Daumesdick – Von der Kraft der Geborgenheit
Das Grimmsche Märchen „Daumesdick“ handelt von Liebe und wie sie uns Selbstvertrauen und Resilienz geben kann, um Herausforderungen wie Gefahren mit nonchalanter Leichtigkeit zu trotzen. Damals wie heute!
Hier erfahren Sie mehr über
- Liebe
- Mut
- Geborgenheit
Text Irmela Neu

Prof. Dr. Irmela Neu lehrt Interkulturelle Kommunikation in Spanien und Lateinamerika an der Hochschule München für angewandte Wissenschaften (HM), gibt Seminare zu empathischer Kommunikation, ist Autorin und studierte Politologin. www.irmela-neu.de
So beginnt das Märchen: „Es war ein armer Bauersmann, der saß abends beim Herd und schürte das Feuer, und die Frau saß und spann.“
Das Wirken am Spinnrad zur Herstellung von Fäden, die dann zur Kleidung weiterverarbeitet wurden, war damals vor allem bei Bauersleuten allgemein üblich und eine typische Tätigkeit der Frauen. Im Märchen entspann sich dabei ein Gespräch, das weitreichende Folgen haben sollte.
Der tiefe Herzenswunsch
Der Bauer begann dieses damit, dass er sein tiefes Bedauern darüber aussprach, dass ihnen keine Kinder vergönnt seien. Nicht etwa, um ihre Nachfolge zu sichern, nein.
„Es ist so still bei uns, und in anderen Häusern ist’s so laut und lustig.“ Ein aus heutiger Sicht bemerkenswerter Wunsch!
Diesen Wunsch bestätigte seine Frau, dabei seufzend. „und wenn’s nur ein einziges wäre, und wenn’s auch ganz klein wäre, nur daumengroß, so wollt’ ich schon zufrieden sein; wir hätten’s doch von Herzen lieb.“
Nun, es war ein wirklich tiefer Herzenswunsch; wir wissen heutzutage auch aus wissenschaftlicher Sicht, dass unser Herz eine viel größere Strahlkraft hat als unser Hirn.
Die Wahrscheinlichkeit, dass sich der tiefempfundene, lange schon gehegte Wunsch auch materialisiert, ist durchaus hoch.

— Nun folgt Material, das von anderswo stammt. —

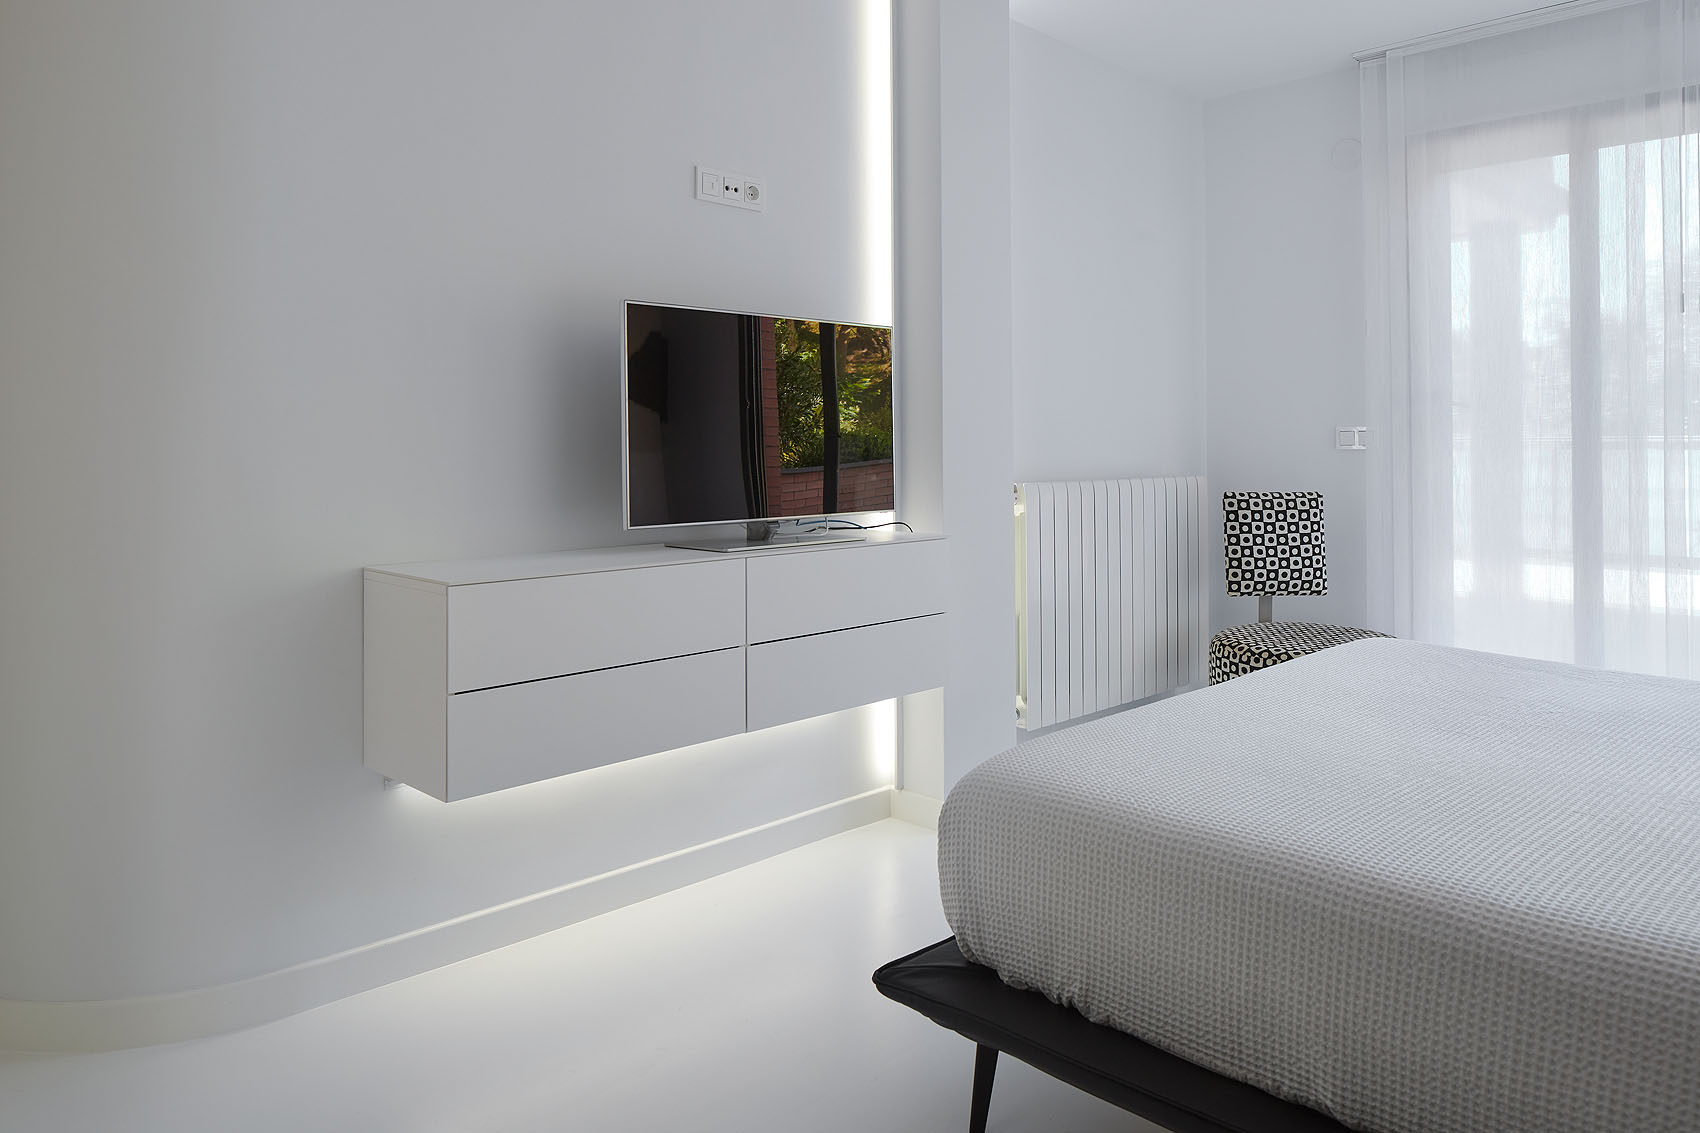 Dormitorio y vestidor en Donostia - Iñaki Caperochipi - Fotografía

Genau das geschah. Nach „sieben Monaten“ gebar die Frau ein Kind – ein Frühchen also, würden wir heute sagen.
Es war vollständig und gut gebaut, „aber nicht länger als ein Daumen.“ Ein Winzling also. Wie war ihre Reaktion? Waren sie enttäuscht, wollten sie es bei seinem Anblick weggeben?
Keinesfalls, im Gegenteil. „Es ist, wie wir es gewünscht haben, und es soll unser liebes Kind sein,“ sagten beide einmütig. Sie blieben also voll und ganz dabei, nahmen ihre eigene Aussage, die mit ihrem Wunsch gekoppelt war, ganz und gar ernst. Sie nannten ihn „Daumesdick“, liebten ihn sehr und verwöhnten ihn mit ihrer Liebe.
Er bekam ein besonders gutes Essen, obwohl sie sicher selbst nur über knapp bemessene Nahrungsmittel verfügten. Sie ließen es für ihren geliebten Daumesdick an nichts fehlen. Bei allem blieb er so klein wie schon bei seiner Geburt. Er sollte sich indes noch als ihr großes Glück erweisen. Einfach durch sein Dasein oder gab es da noch mehr?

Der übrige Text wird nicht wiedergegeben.